WHAT YOU HAVE TO DO: Copy, pictures aside: the lines below from the one that holds "美白化妆品护肤品美女创意宣传海报设计" through the final line of the listing, both ends included, exactly as they are and nothing else.

COLLECTED MATERIAL:
------------------------------------------------------------------------
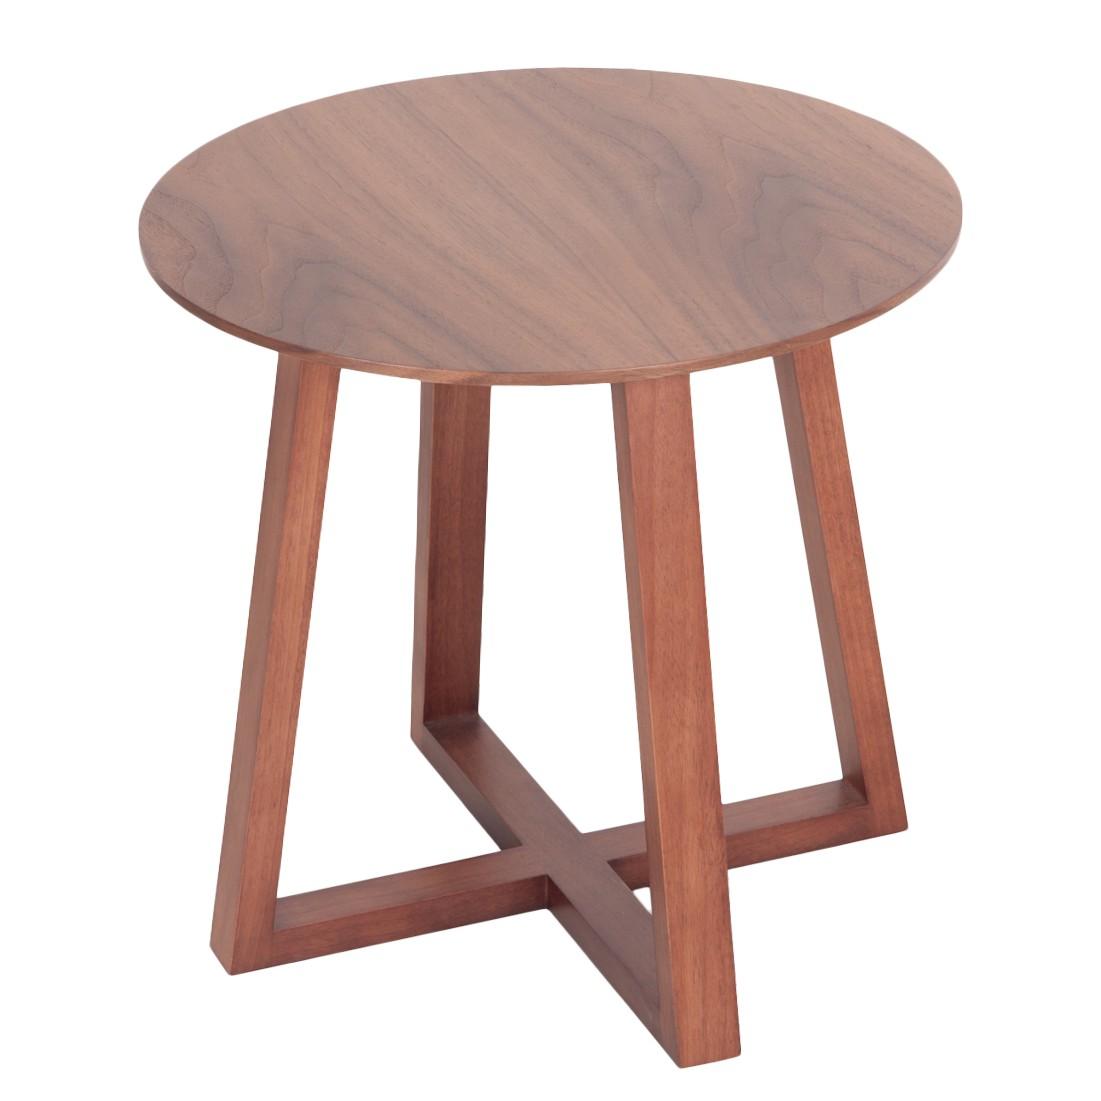 Table d'appoint Blake - Noyer, Studio Copenhagen
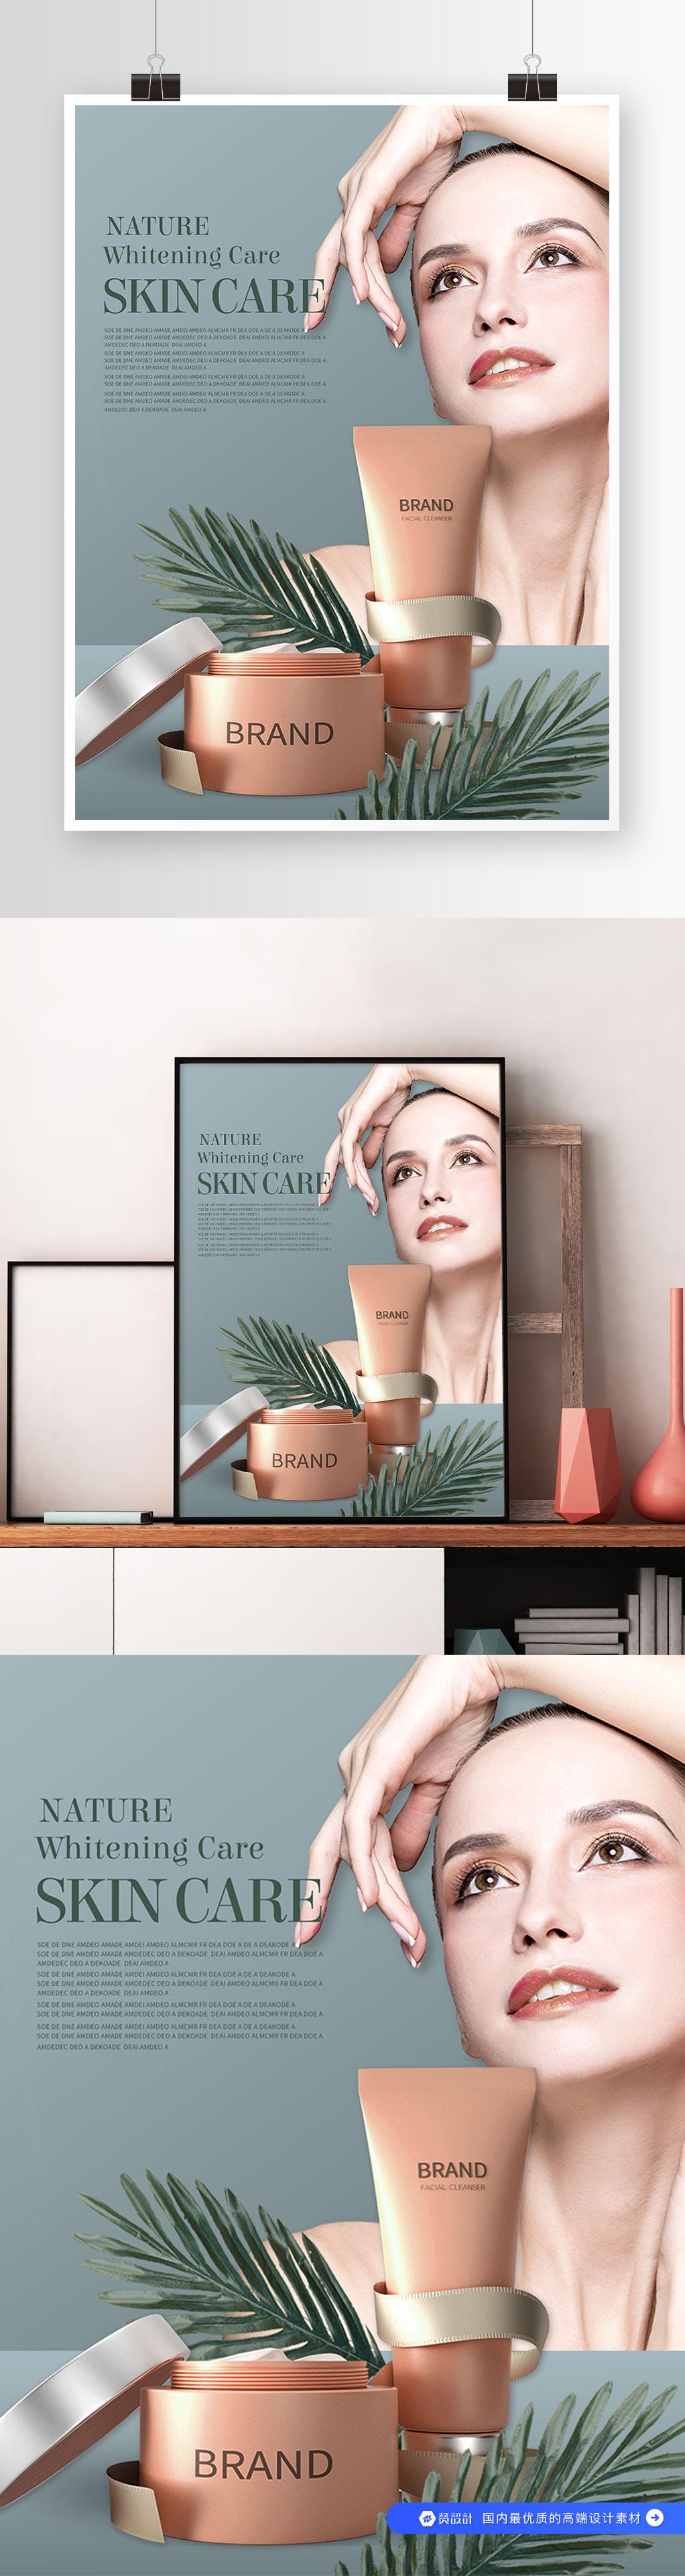 美白化妆品护肤品美女创意宣传海报设计
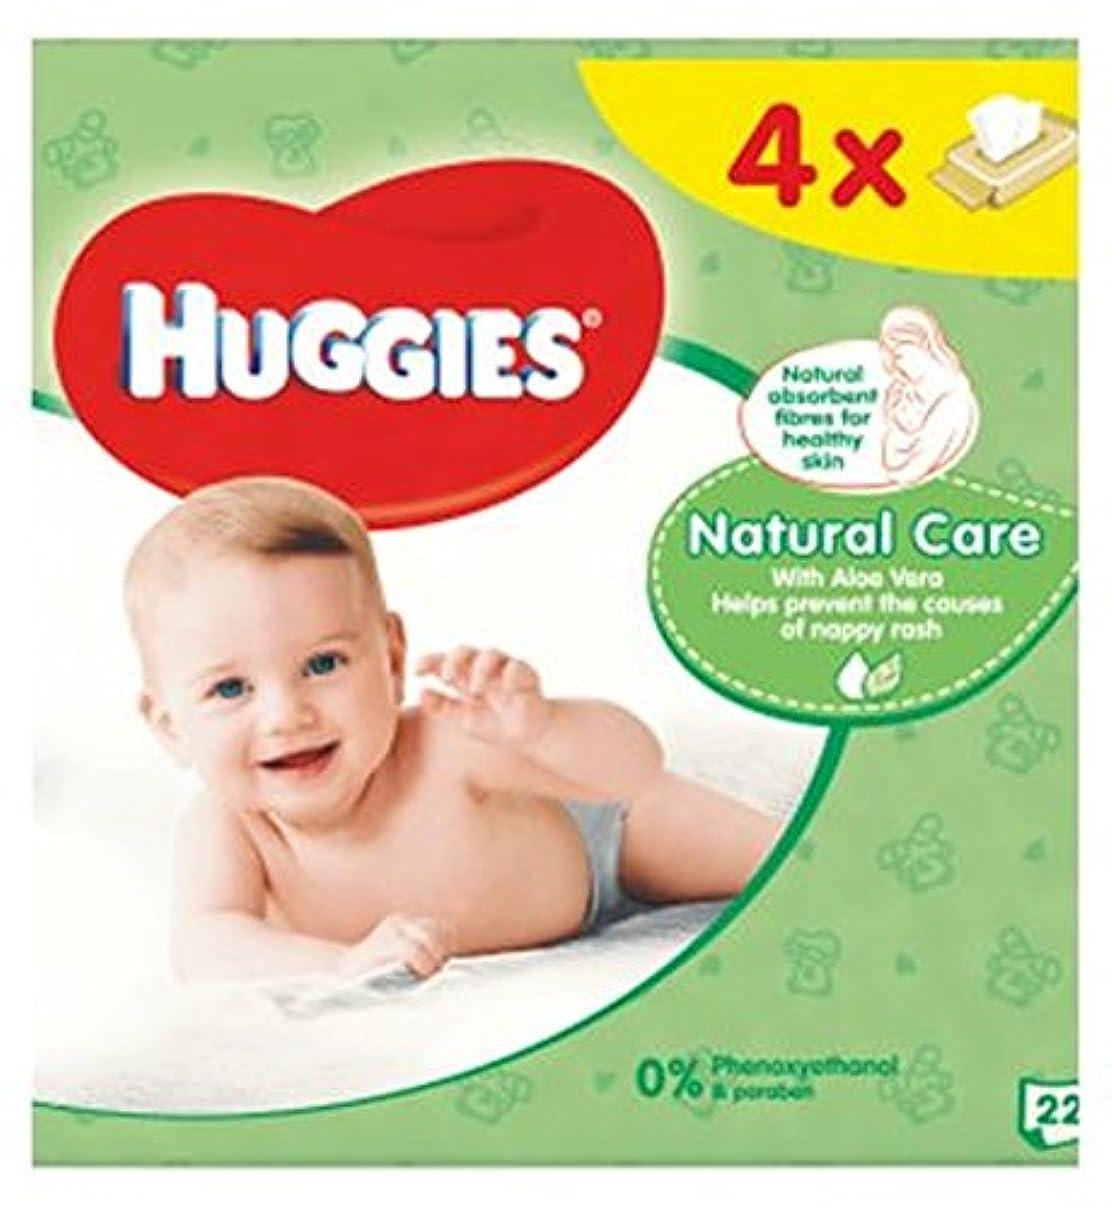 思い出す終了しました意志に反するHuggies Baby Wipes Natural Care Quads 56 - ハギーズの赤ちゃんは自然なケアクワッド56を払拭します (Huggies) [並行輸入品]
------------------------------------------------------------------------
EXPECTED ANSWER:
 美白化妆品护肤品美女创意宣传海报设计
 思い出す終了しました意志に反するHuggies Baby Wipes Natural Care Quads 56 - ハギーズの赤ちゃんは自然なケアクワッド56を払拭します (Huggies) [並行輸入品]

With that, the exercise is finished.